Most people make a decision not because that’s what they want, but because that’s what they should pick. Which I think is funny. For once again, we let the society dictate our happiness.

There’s a reason why I’m secretive most of the time. It takes a while before I share problems to friends coz 1) they also have something to mind for their own, 2) I want to get through the obstacle first, or at least be halfway there, and 3) no one really cares (why? look at 1). I’m not being a pessimist here, I’m just being honest. But I wouldn’t go on talking about problems. You could read this if you want. I looked it up after writing 3.

As selfish as it may sound, I want certain things to keep to myself. Dating, for example. I wouldn’t tell my friends that I’m seeing someone (I wouldn’t even tell them if I like someone). But I wouldn’t keep it for a long time either. Just a few months or so. Because I want to be sure.

In this day and age, it’s hard to know whether you really like something or someone or you just like it because the people around you do. It’s a world full of uncertainties and you wouldn’t want your mind messed up all the damn time. Almost everything is digital now that once your friends find out the name of your date, the next step would definitely be a search online. Then comes their judgments, opinions, and whatnot. And those are the things that I’m avoiding.
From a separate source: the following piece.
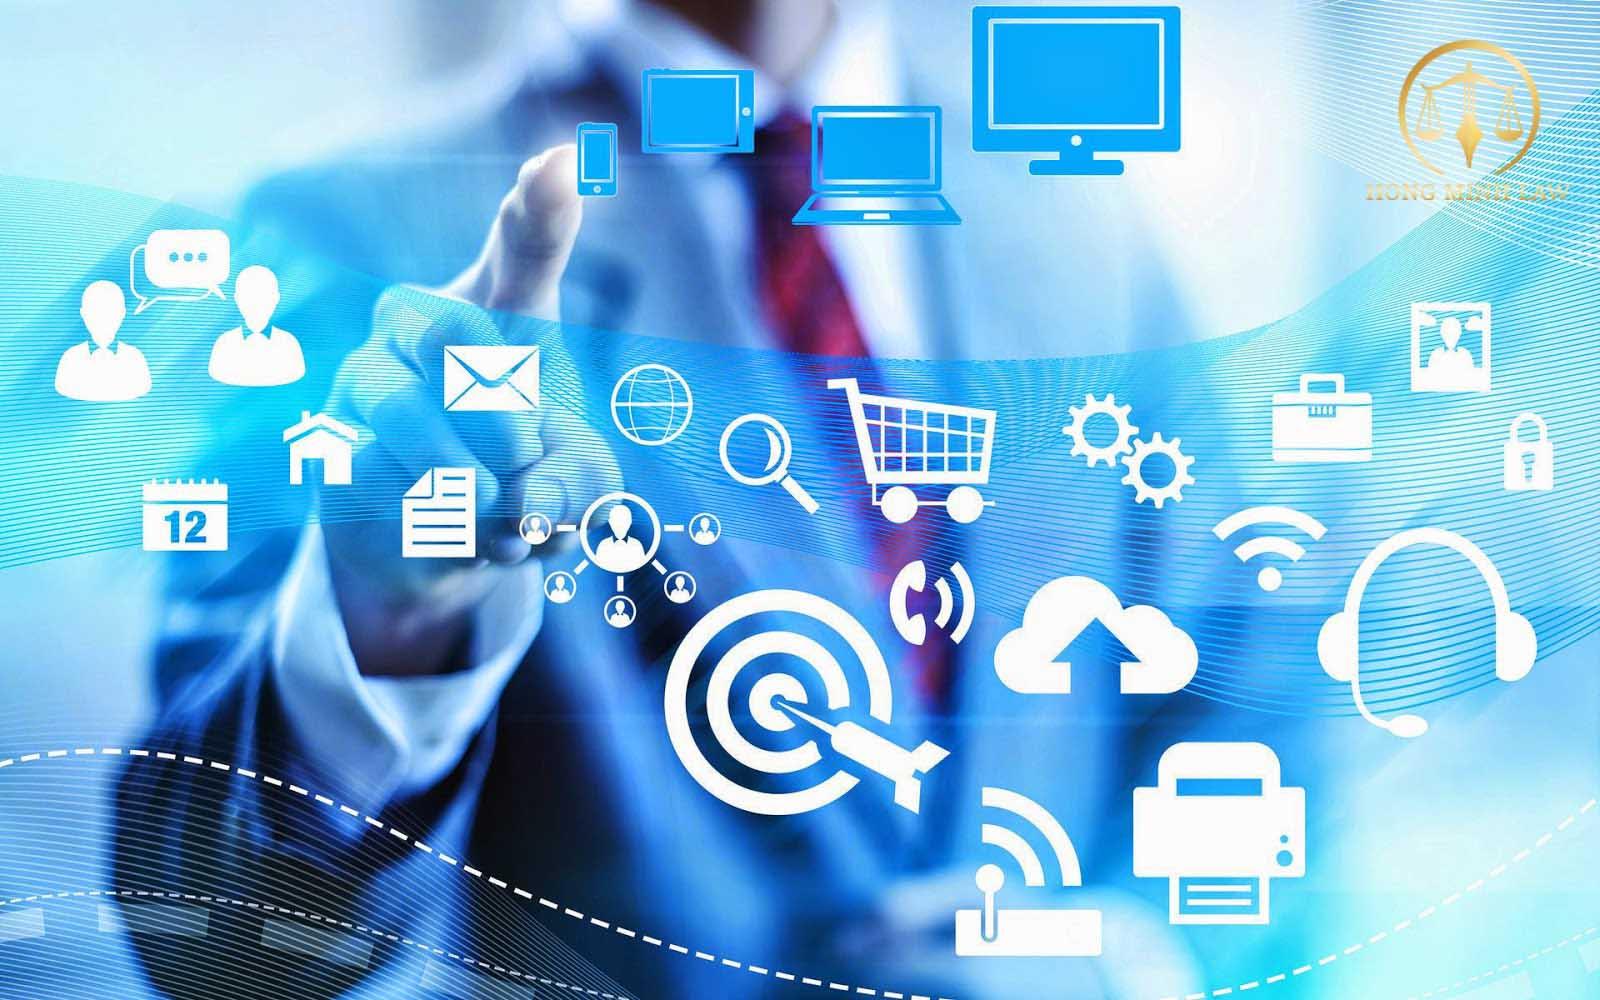 Thủ tục cấp lại Giấy chứng nhận doanh nghiệp khoa học và công nghệ
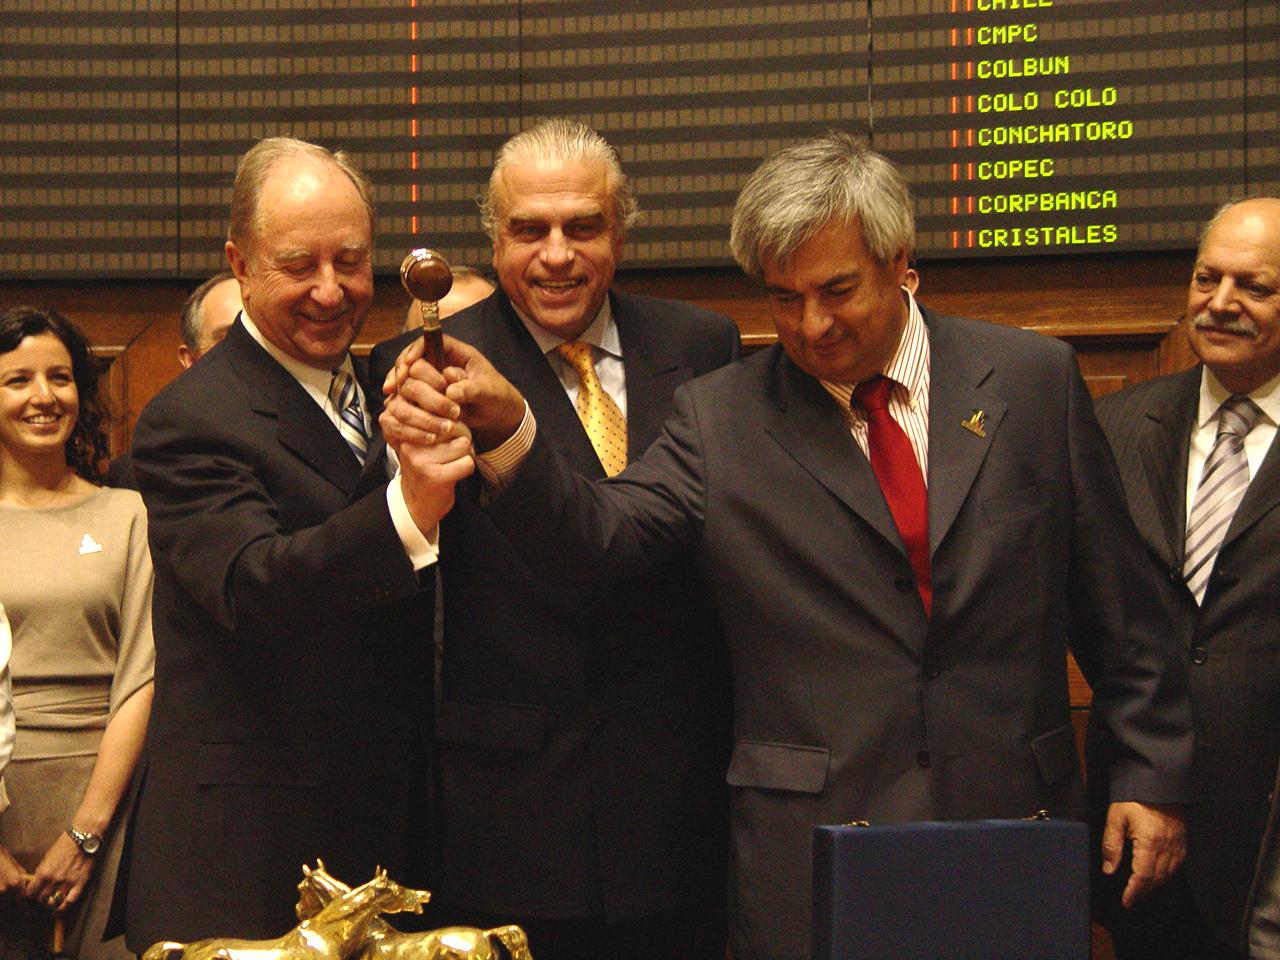 Imagen de 2007

It’s not that I don’t want to hear what they think, it’s because I want to hear my thoughts clearer. No matter how much I say to myself that it’s still my decision, their sentiments will not remain unheard. It will creep into my mind and somehow influence my choice. I value my friends, but I will not go about seeking their approval on something that will primarily change my life. (Although I actually think that in this aspect, all of us are the same. And I know we’ll support each other.)

So until I make up my mind into something, specifically liking someone or dating and wanting to spend more time with him, I will not share it to my friends (even my mom?). We have to listen more to ourselves than the people around us on things like this. Because only then can we tell ourselves that the decision is ours and definite.